Camisinha? Ora, isso era coisa dos anos 50. Por isso foi tão difícil convencer sobre a necessidade do uso. Muita gente morreu. A música do Léo Jaime, de 1984, dá idéia do clima: “Aids, não tente colocar band-aids” (ãh-ãh?). E a moçada colocou o pé no freio. Acho que parte do desejo foi deslocada para as aulas de aeróbica.



Porcentagem representativa do que se ouvia no rádio nacional era uma domesticação do pós-punk, com gravatinhas coloridas e bandas com nomes como Bombom ou Absyntho.
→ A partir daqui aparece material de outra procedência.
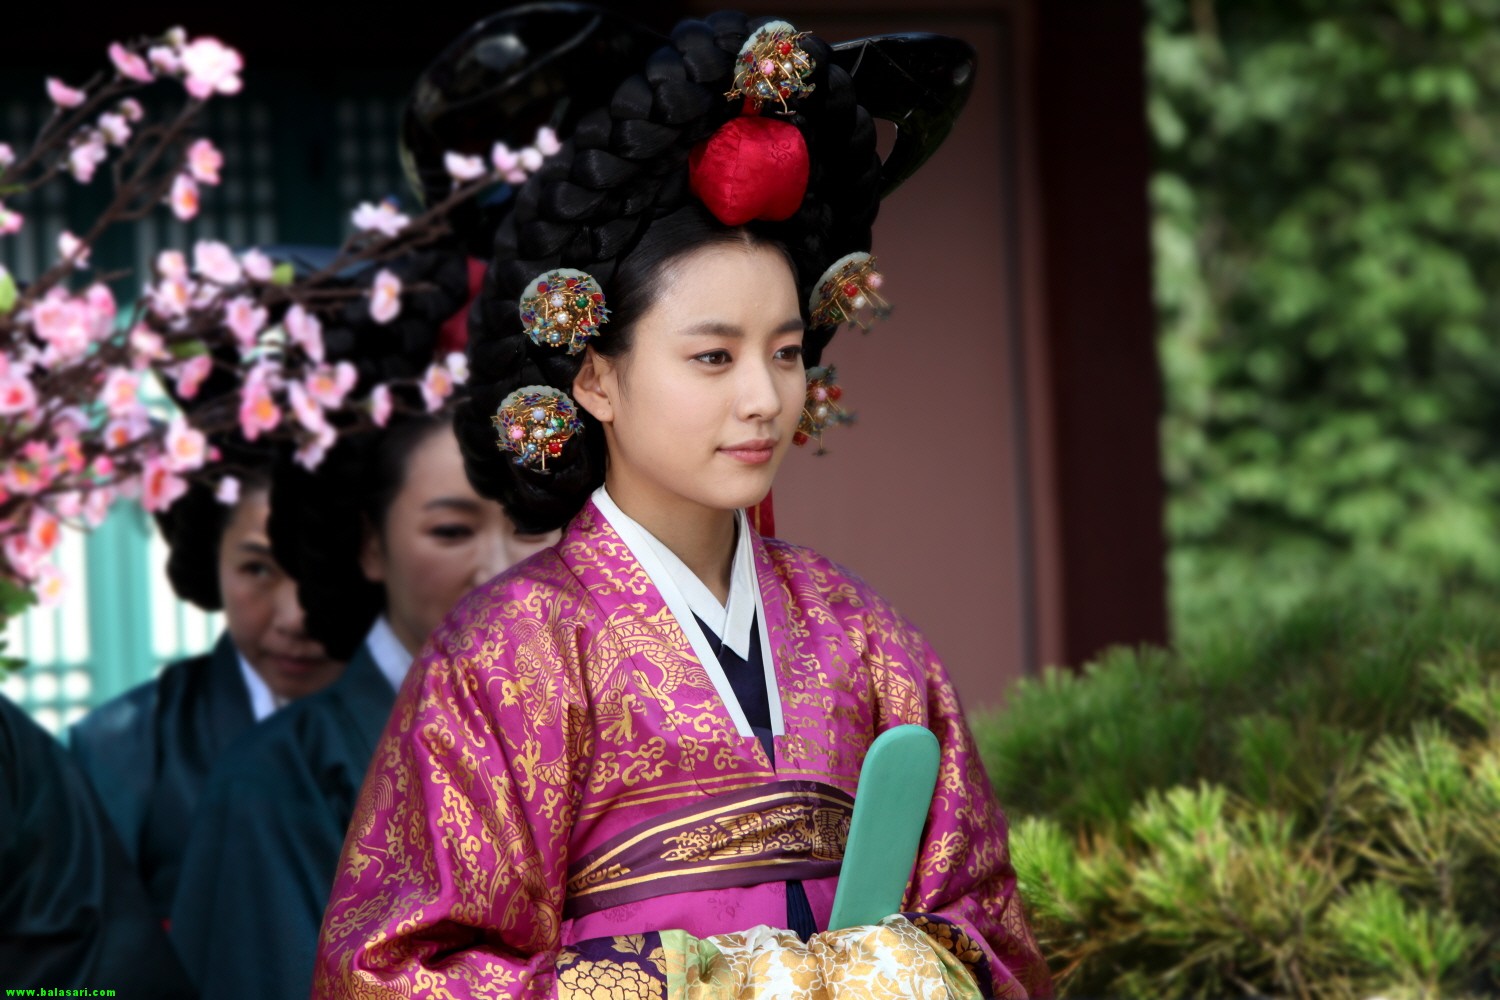 بیوگرافی هان هیو جوو بازیگر سریال کره ای افسانه دونگ یی

A rebeldia ganhava contornos infantilóides. Foi assim quase até metade da década, quando finalmente outros padrões vieram à tona – lembrando que o underground levava anos para ver a luz do sol, quando via.



Ainda assim, os anos 80 tiveram movimentação. O cenário pós-punk se multiplicou de tal forma que eram plausíveis tanto as guitarras cruas quanto as incursões eletrônicas. Mas o blá-blá-blá comercial sempre foi muito rápido – e esse revival tem destacado muito mais o joio do que o trigo.



É como no baile de formatura em que o cantor grita: “E vamos voltar aos anos 60”, seguido pelos riffs de “Twist and Shout” – como se a versão dos Beatles resumisse a década.



Enfim, valeu relembrar algumas coisas – o revival empacou nas futilidades –, mas já está de bom tamanho. Muita gente não foi hippie nos anos 60, nem todo mundo combateu a ditadura nos anos 70. E uma grande parte dos jovens oitentistas abominavam cabelos azuis e maquiagens de mau gosto. Os anos 90 vêm aí como recordação da vez. E com o risco de serem resumidos em pagode, sertanejo e grunge.



Publicado em 05 de julho de 2005 às 15:46 por Preto

Vizinho



Espio o vizinho. Lá está ele, torrando café. Da rua não se percebe, nem se compreende, o paraíso que a fachada de madeira esconde. Ah, mas daqui de cima contemplo as mãos anciãs abrindo a terra e parindo alimento. A maior das revoluções culturais foi o plantio. Dela veio a civilização.



E meu vizinho planta de tudo em seu terreno estreito, oásis cercado de prédios soturnos e ainda assim – quem explica? – recebe sol diário, da manhã até à noite. Sem sol não há fertilidade.



Os pessimistas veriam um simples quintal. Qual o quê! Do pé de manga farto pendem gordas frutas, o pé de café é gigantesco. Ainda há espaço para plantas ornamentais, cachorros, barracões, oficinas. Cabe, com folga, uma vida de simplicidade.



Acocorado no chão, espalha o café colhido para secar. O cão, já velho, lamenta ao lado tentando atenção. Mas o vizinho está concentrado. Anda para lá e para cá, ajeita daqui e dali, cuida, cultiva, desenvolve, multiplica a vida em seu limitado reino, onde encarna o deus sábio, o dono dos desígnios.



Às vezes encontro o vizinho na rua, cordial, passeando com os cães. Aí ele pára ao pé de uma árvore, olha para uma planta que ninguém nunca viu, apenas ele conhece tais qualidades.



Meu vizinho não é doutor, não é político, não parece importante, não disfarça, não omite, não mente, não julga. Apenas vai, com paciência budista, melhorando o redor.